Mimo
iż nazwa nic Wam nie mówi, wierzę, że każdy z Was zna ów zamek. Walt Disney
wziął go jako logo do swoich produkcji.
Zamek
wygląda bajecznie. I w środku i na zewnątrz. Zwiedzając wszystkie komnaty
widać, iż król Ludwig II żył w bajkach, stworzonych przez swoją wyobraźnię.
Sama jego historia jest równie zadziwiająca. Był homoseksualistą, co w tych
czasach nie było dobrze postrzegane, a właściwie w ogóle nie było akceptowane.

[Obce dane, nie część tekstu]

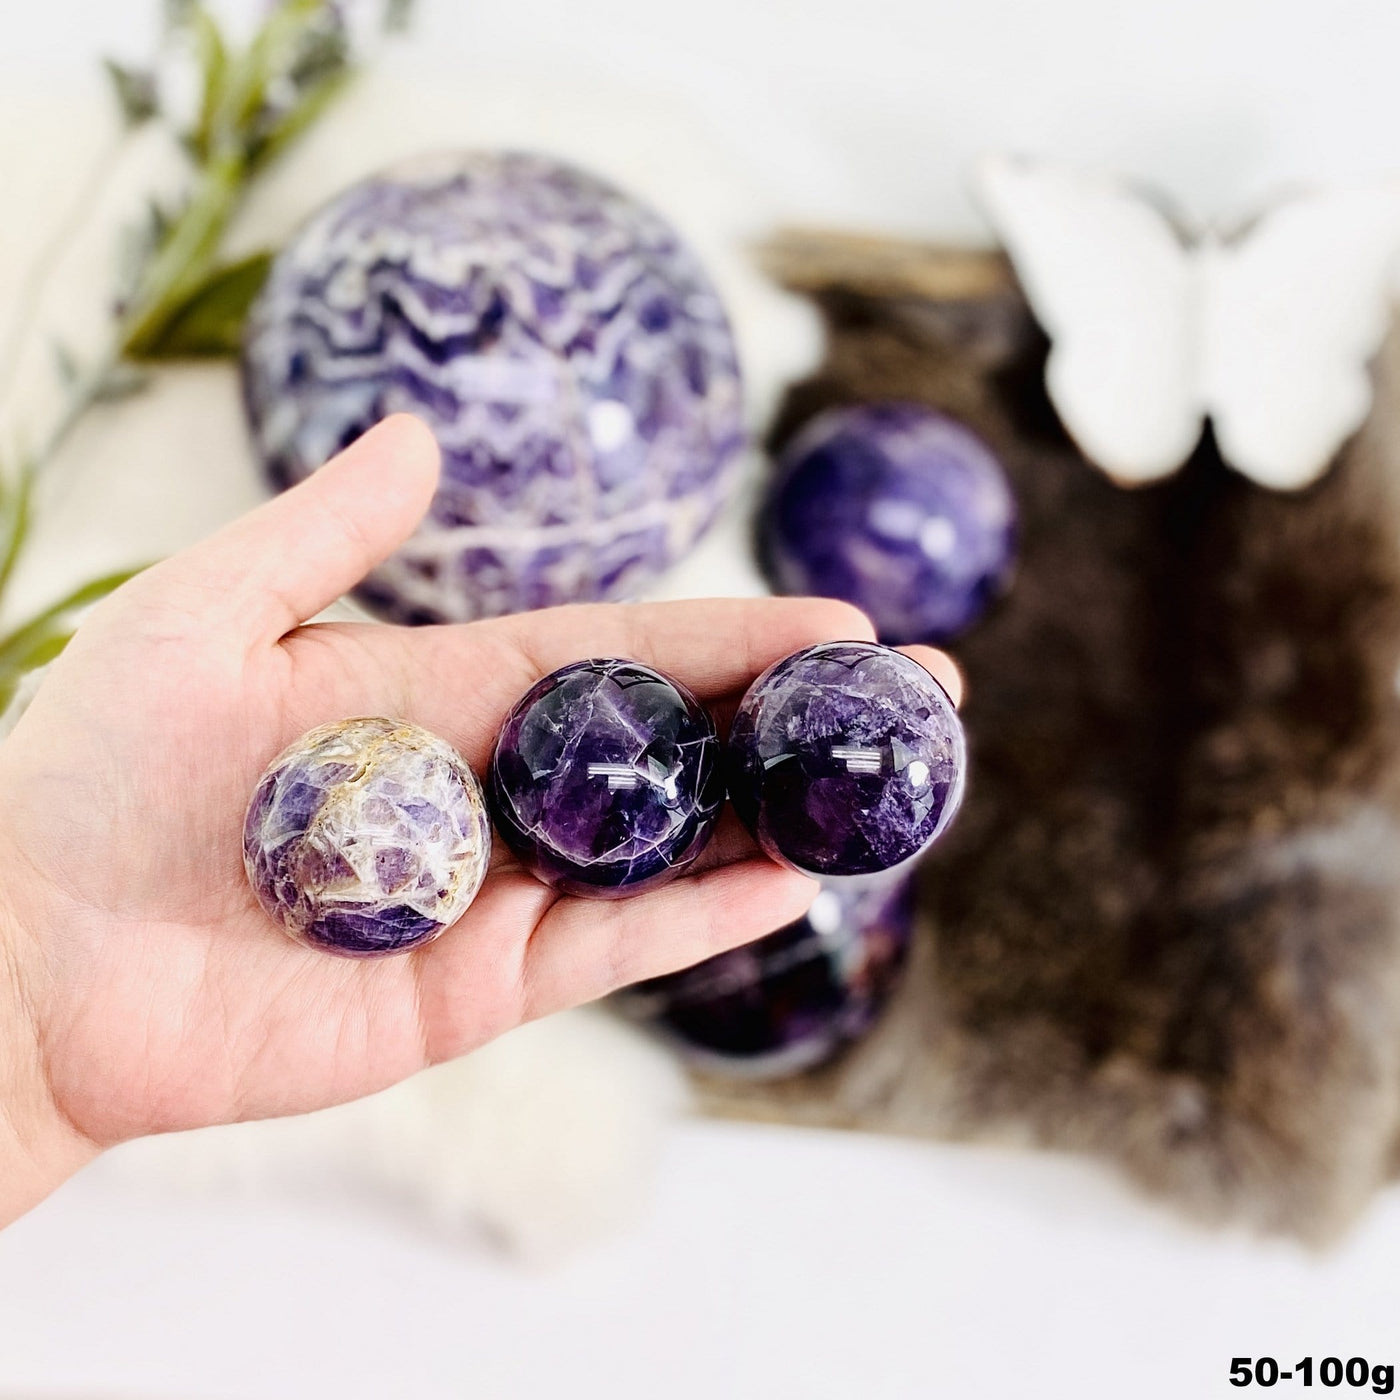 Chevron Amethyst Polished Spheres in a hand, size under 50g-100g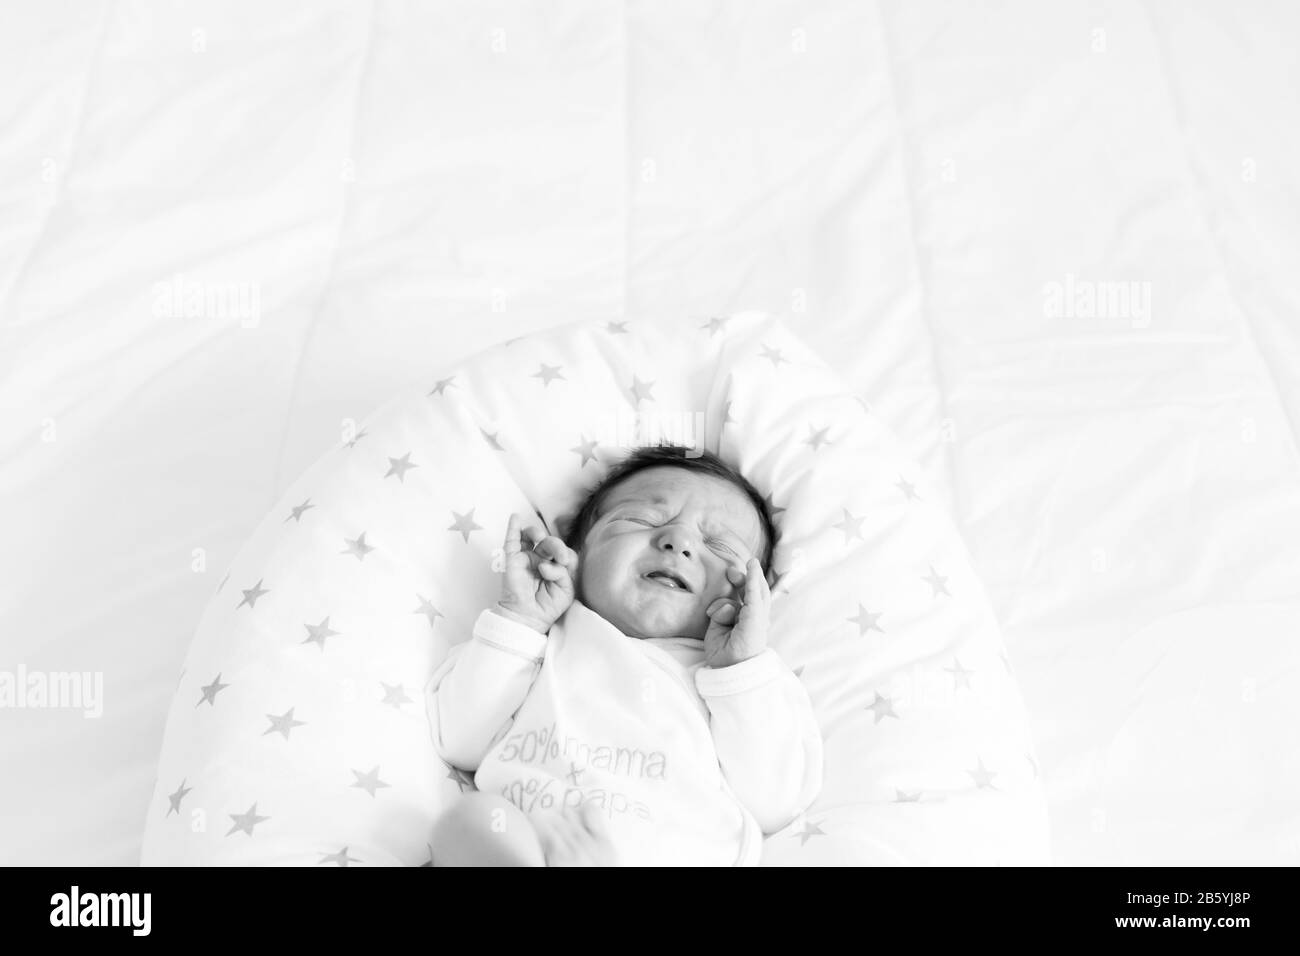 A black and white image of baby crying on a bed Stock Photo

Fascynował się sztuką i muzyką Wagnera. To właśnie Ludwig pozwolił, aby ten
kompozytor zasłynął w świecie muzyki. Jego historia kończy się tragicznie, w
wodach jeziora Starbergersee. W niewyjaśnionych okolicznościach utopił się
razem ze swoim lekarzem, po tym jak odsunięto go od władzy, twierdząc, że
wydaje zbyt wiele pieniędzy na zamki oraz uknuto tezę, iż jest schizofrenikiem.
Do
zamku wiedzie droga, którą można przebyć spacerem (ok. 30 min), busem bądź
bryczką. Po zwiedzeniu zamku koniecznie należy udać się na most Marienbruecke,
z którego jest najpiękniejszy widok na zamek.